→ **DATASET CONTENT**:

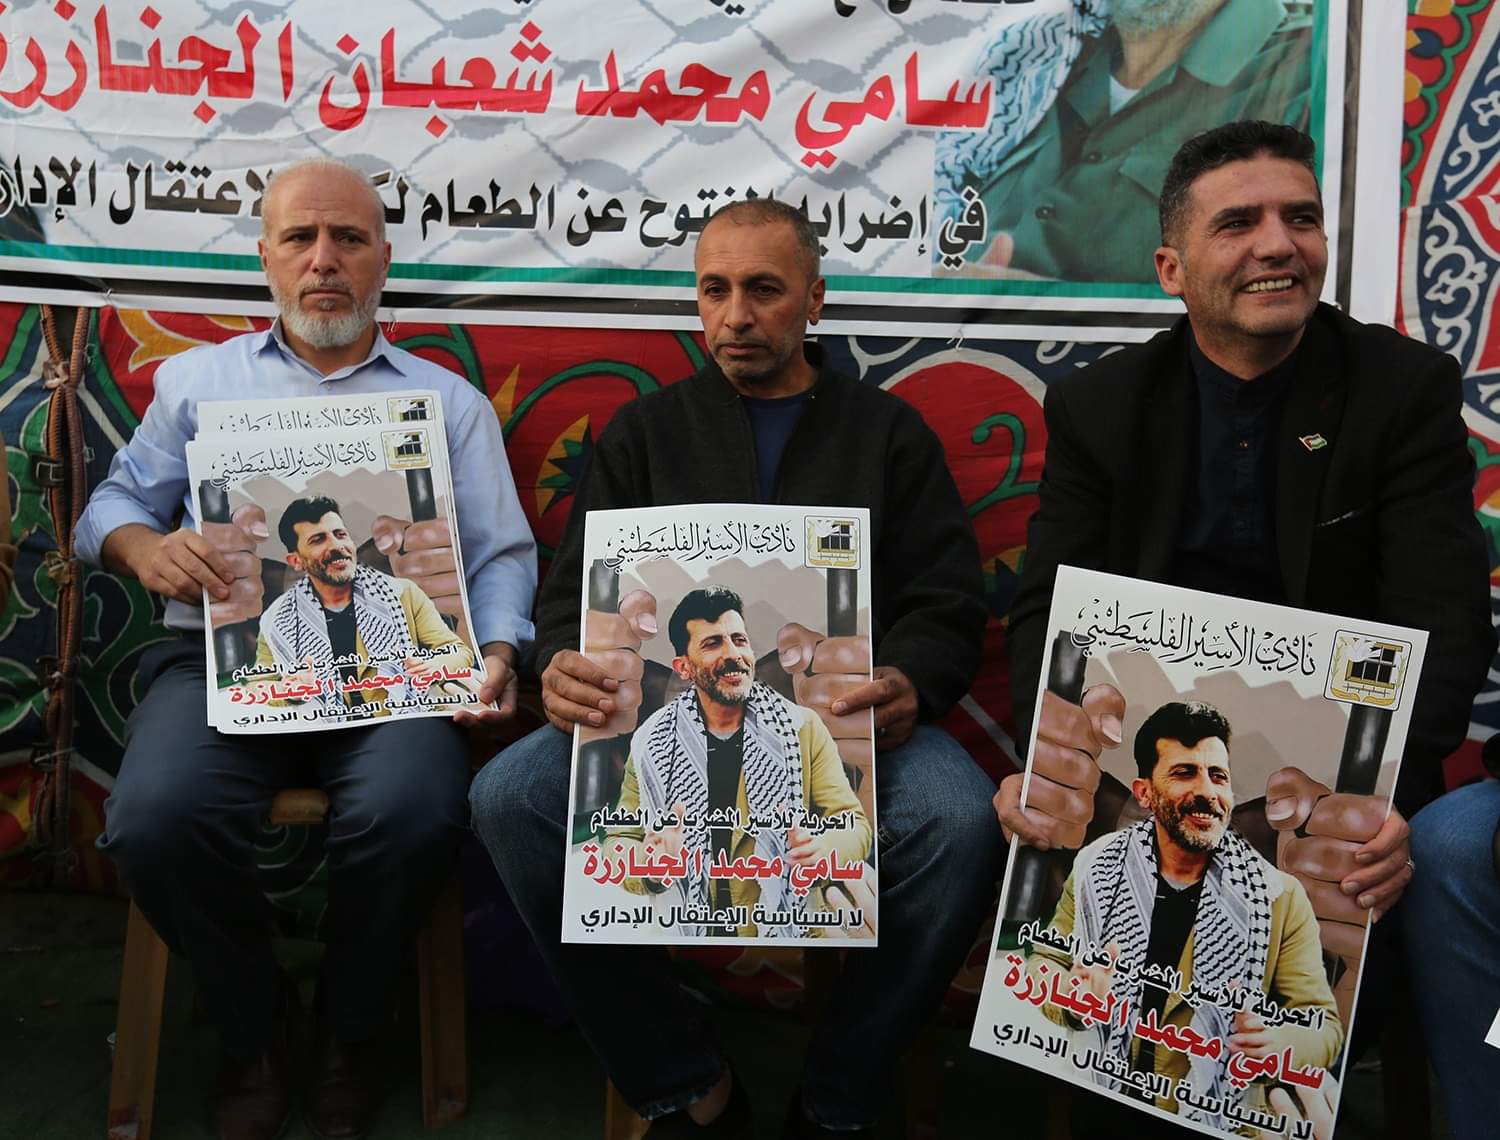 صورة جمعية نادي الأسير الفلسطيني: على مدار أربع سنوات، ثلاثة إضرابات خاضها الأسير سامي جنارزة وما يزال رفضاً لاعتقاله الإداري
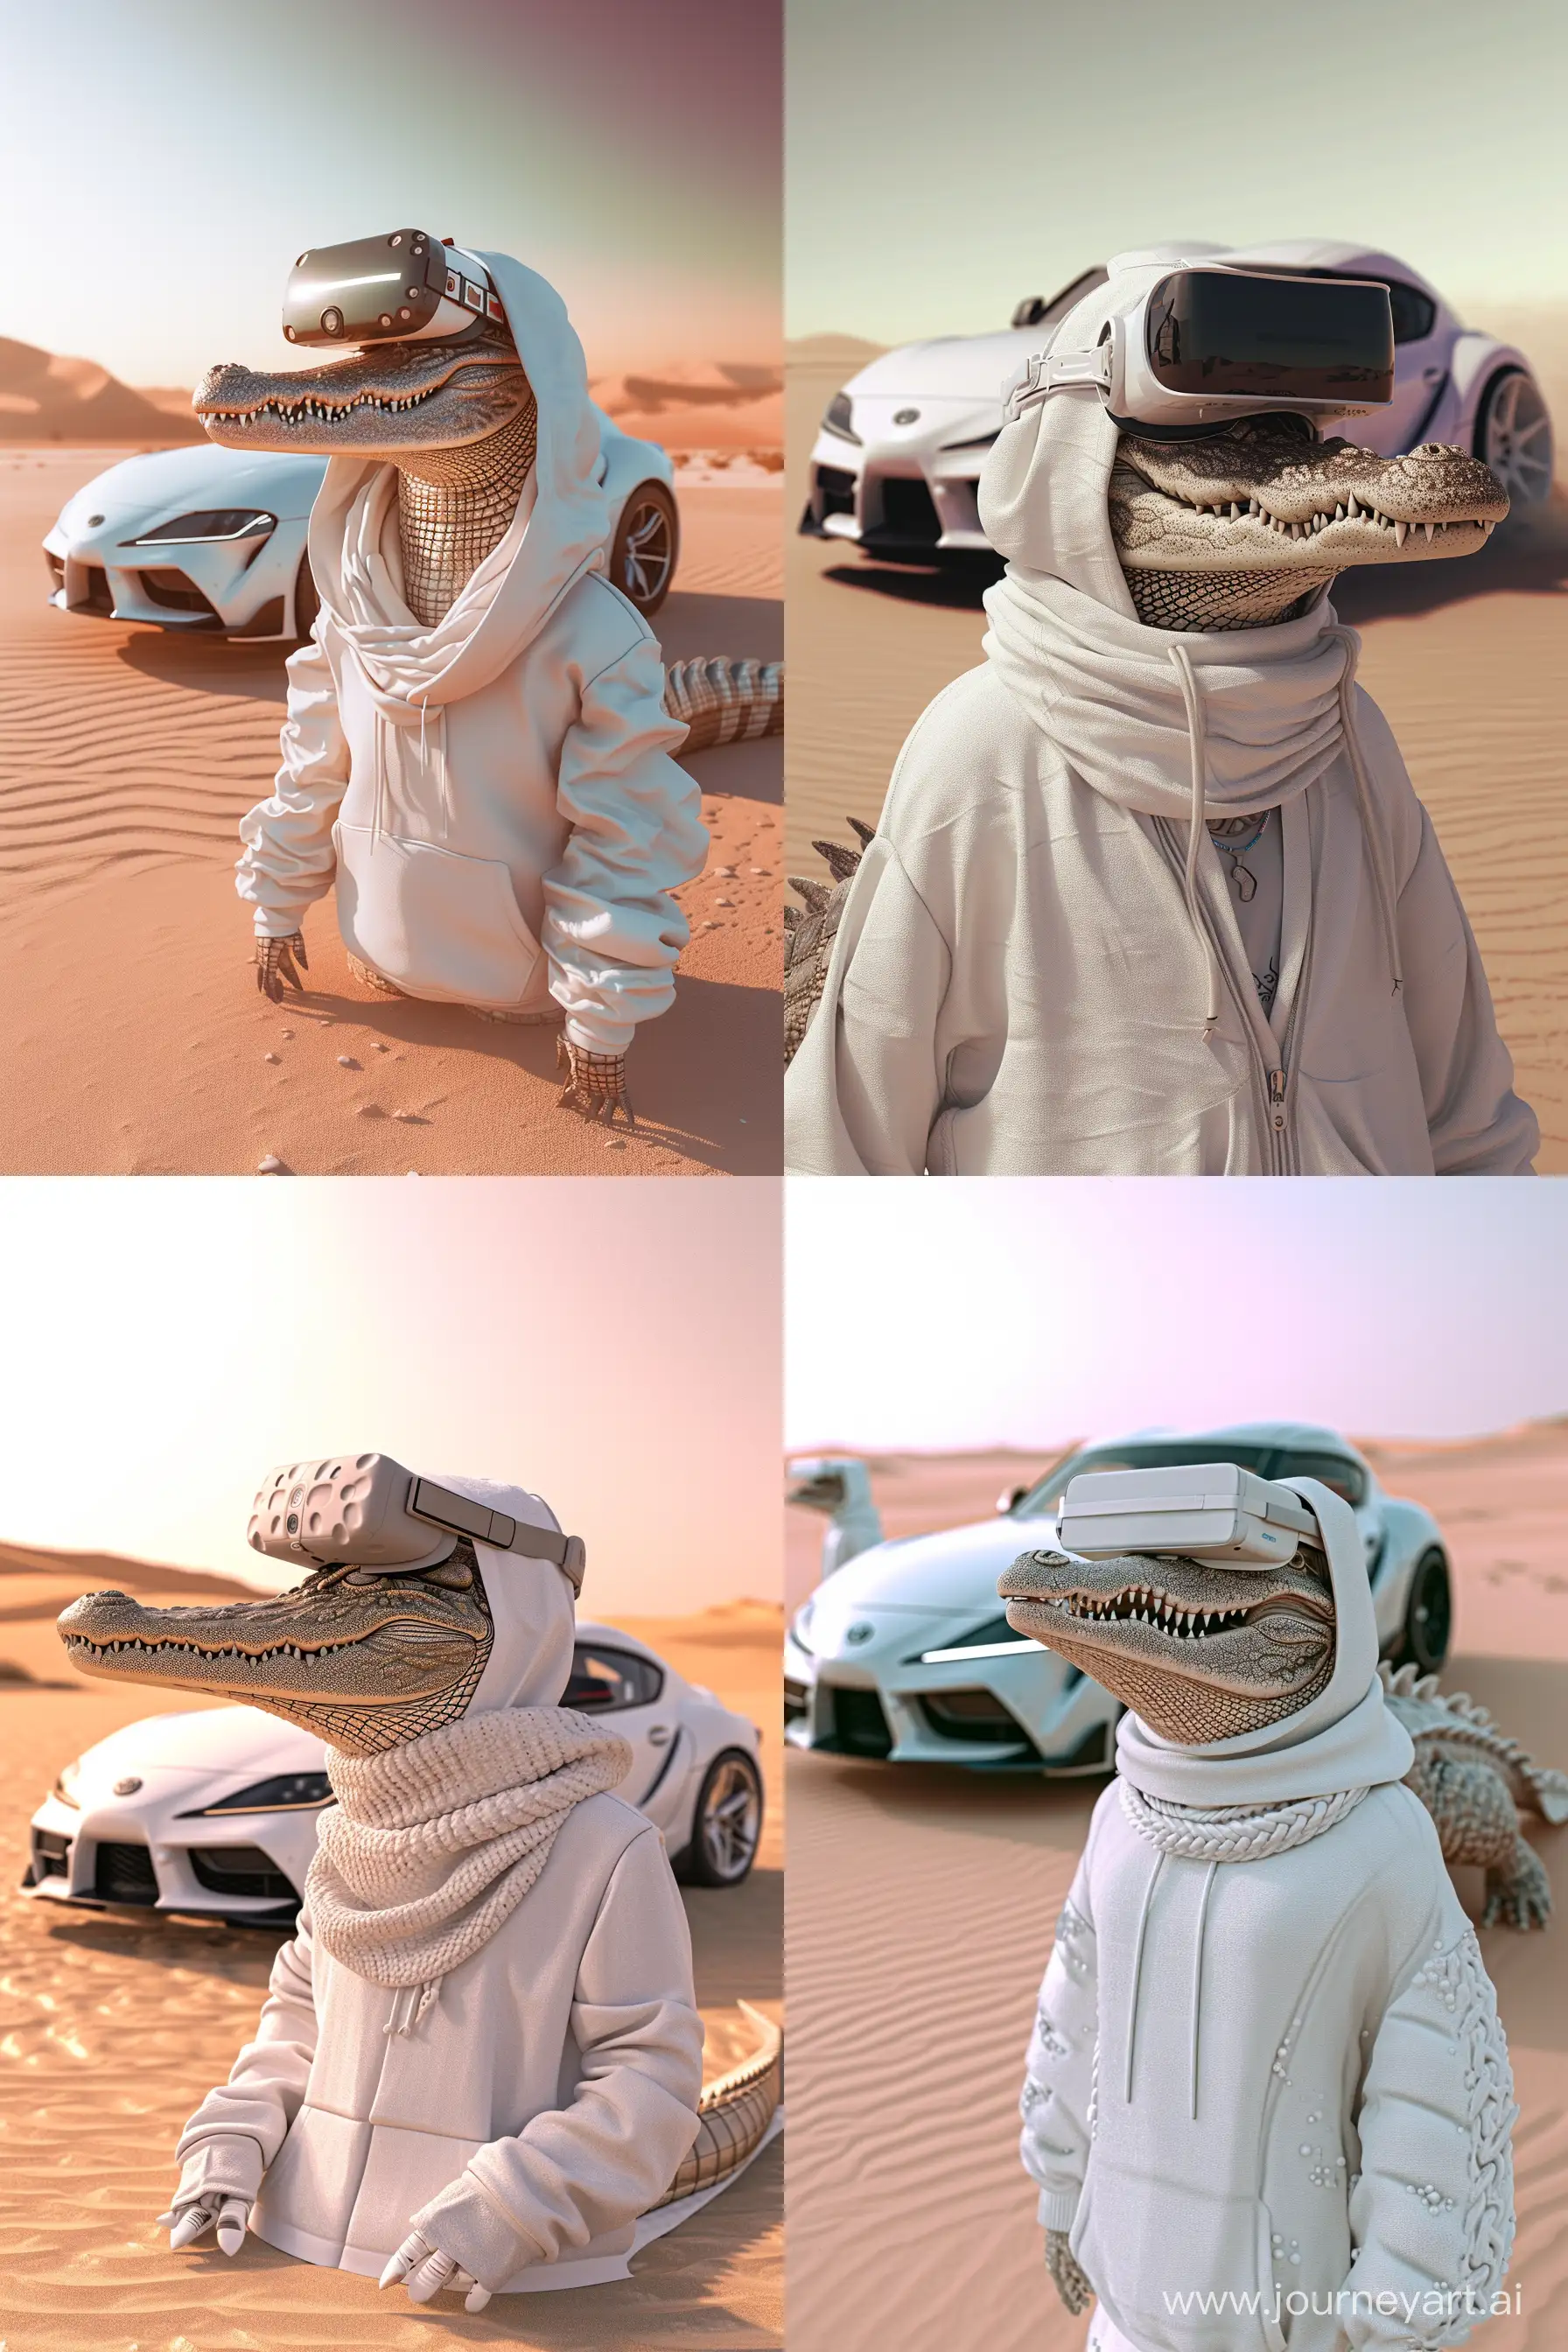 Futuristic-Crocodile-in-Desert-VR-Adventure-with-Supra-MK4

---

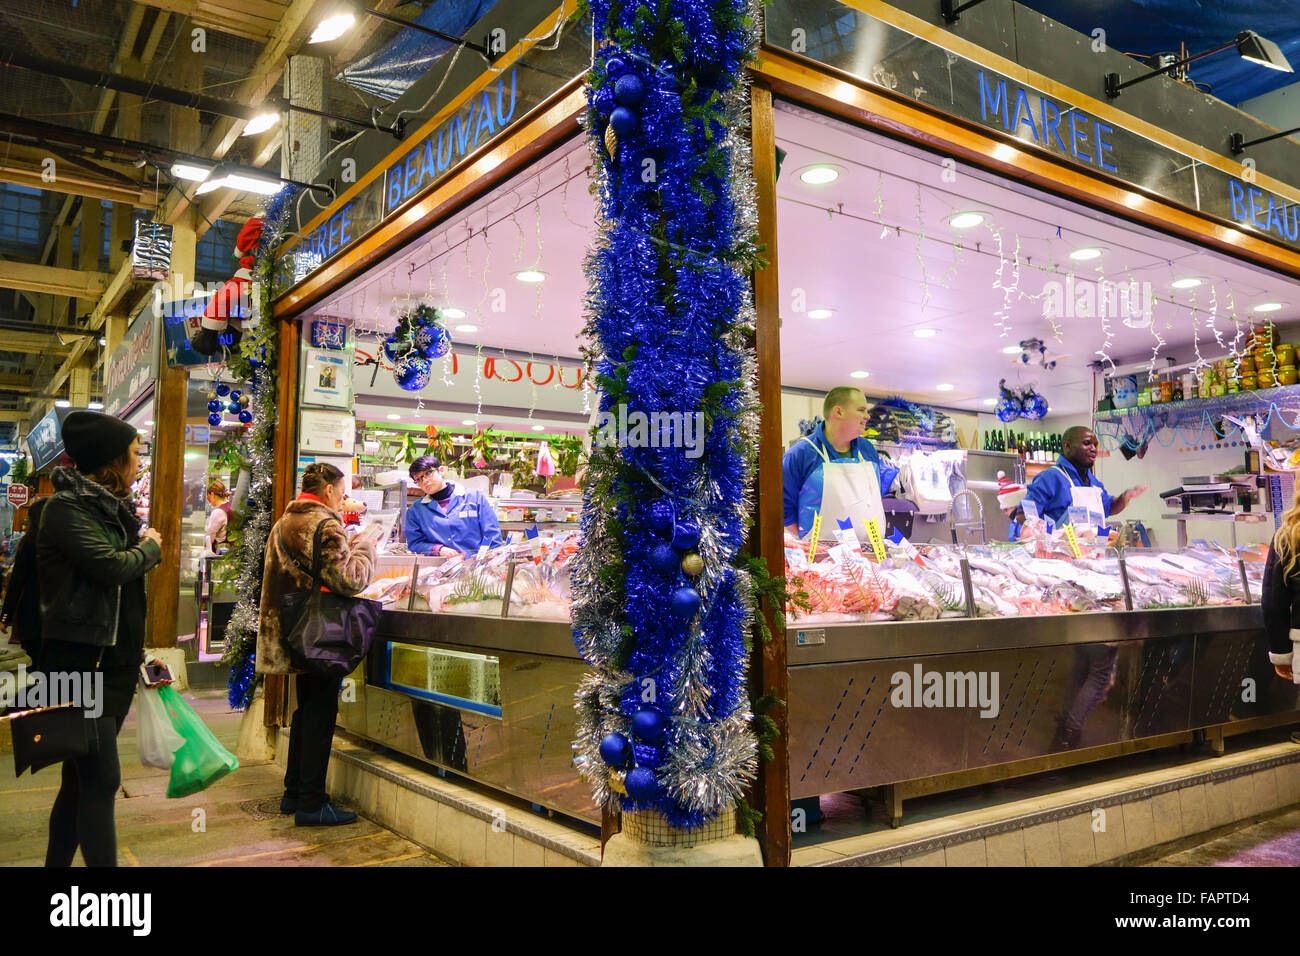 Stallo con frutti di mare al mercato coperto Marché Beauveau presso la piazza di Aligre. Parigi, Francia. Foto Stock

...

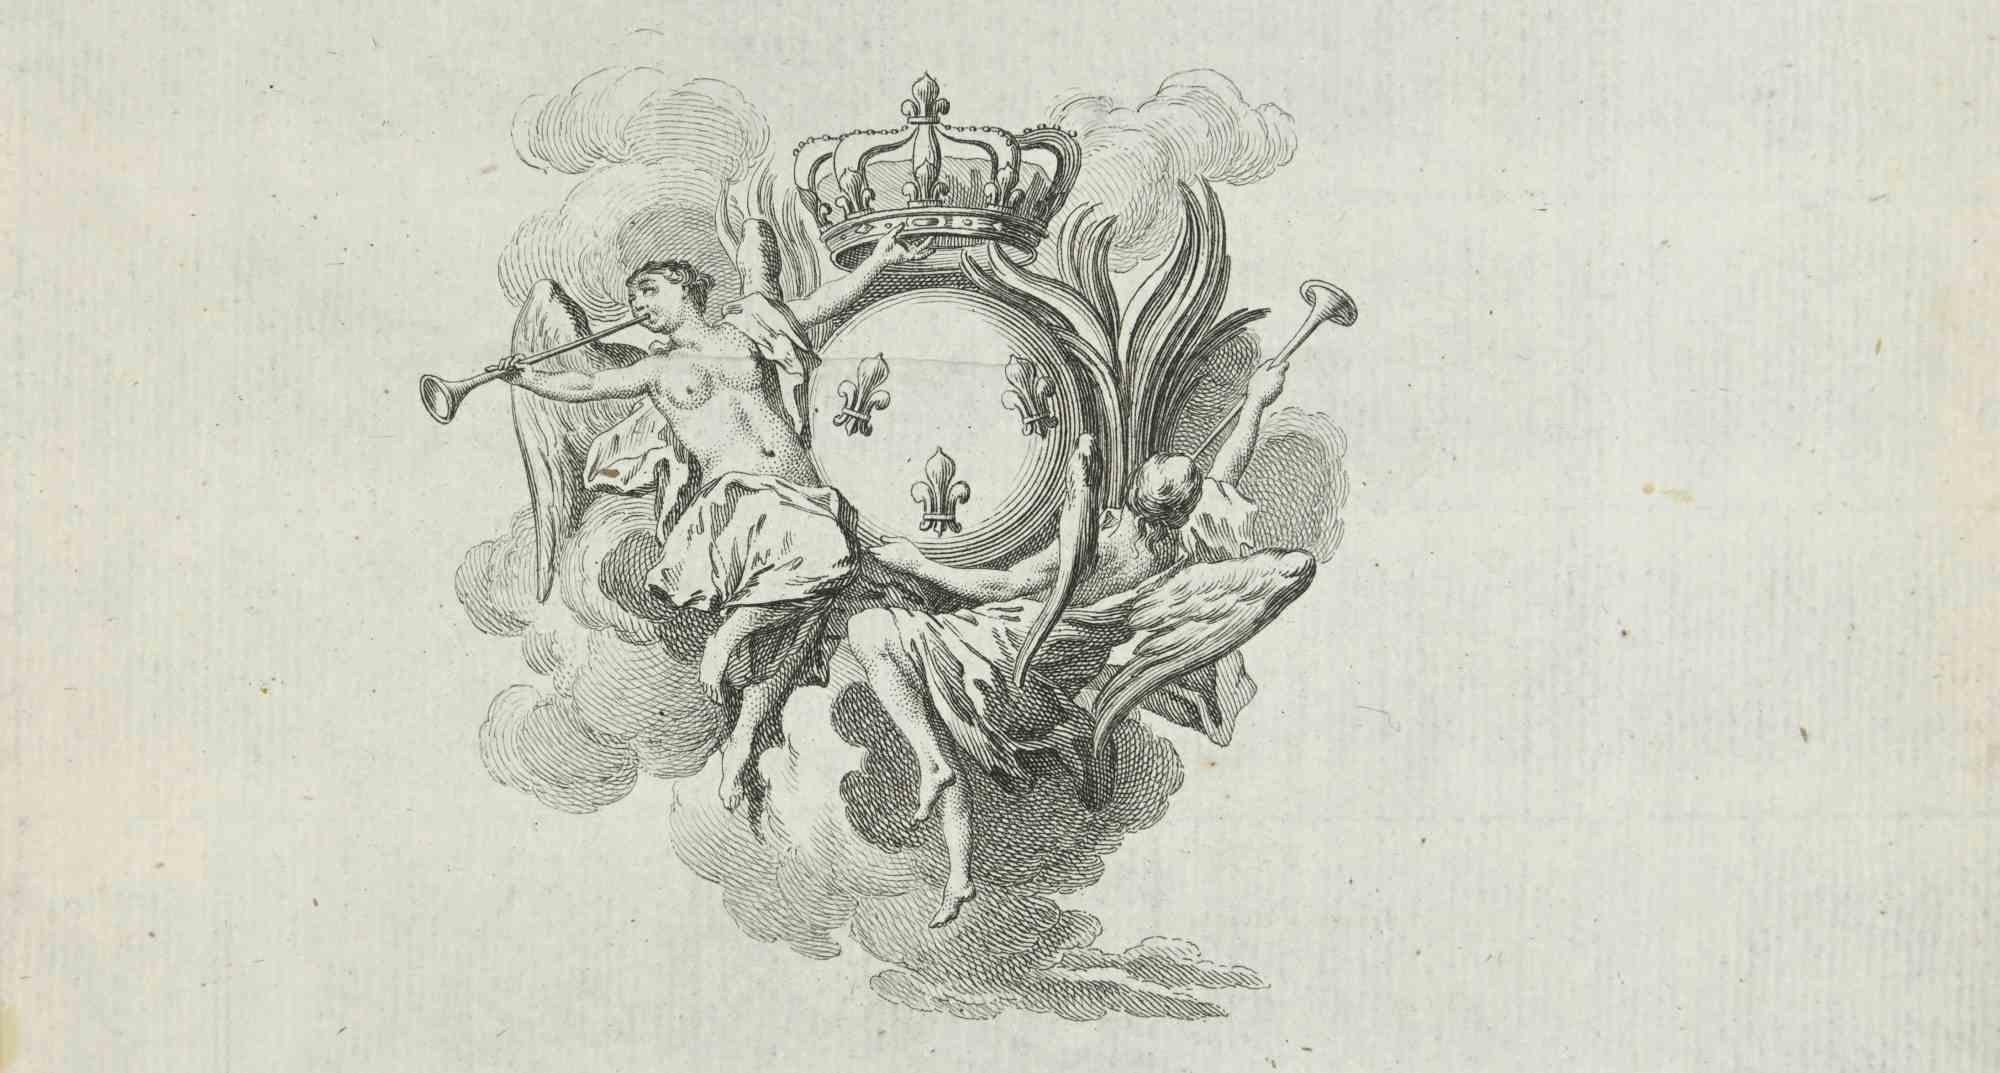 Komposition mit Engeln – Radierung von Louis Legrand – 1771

→ **TASK BRIEF**: Give back exactly, and solely, the section of the data above bounded by the line containing "صورة جمعية نادي" and the line containing "Futuristic-Crocodile-in-Desert-VR-Adventure-with-Supra-MK4", both bounding lines included and pictures omitted.

→ **SOLVED EXERCISE**:
 صورة جمعية نادي الأسير الفلسطيني: على مدار أربع سنوات، ثلاثة إضرابات خاضها الأسير سامي جنارزة وما يزال رفضاً لاعتقاله الإداري
 Futuristic-Crocodile-in-Desert-VR-Adventure-with-Supra-MK4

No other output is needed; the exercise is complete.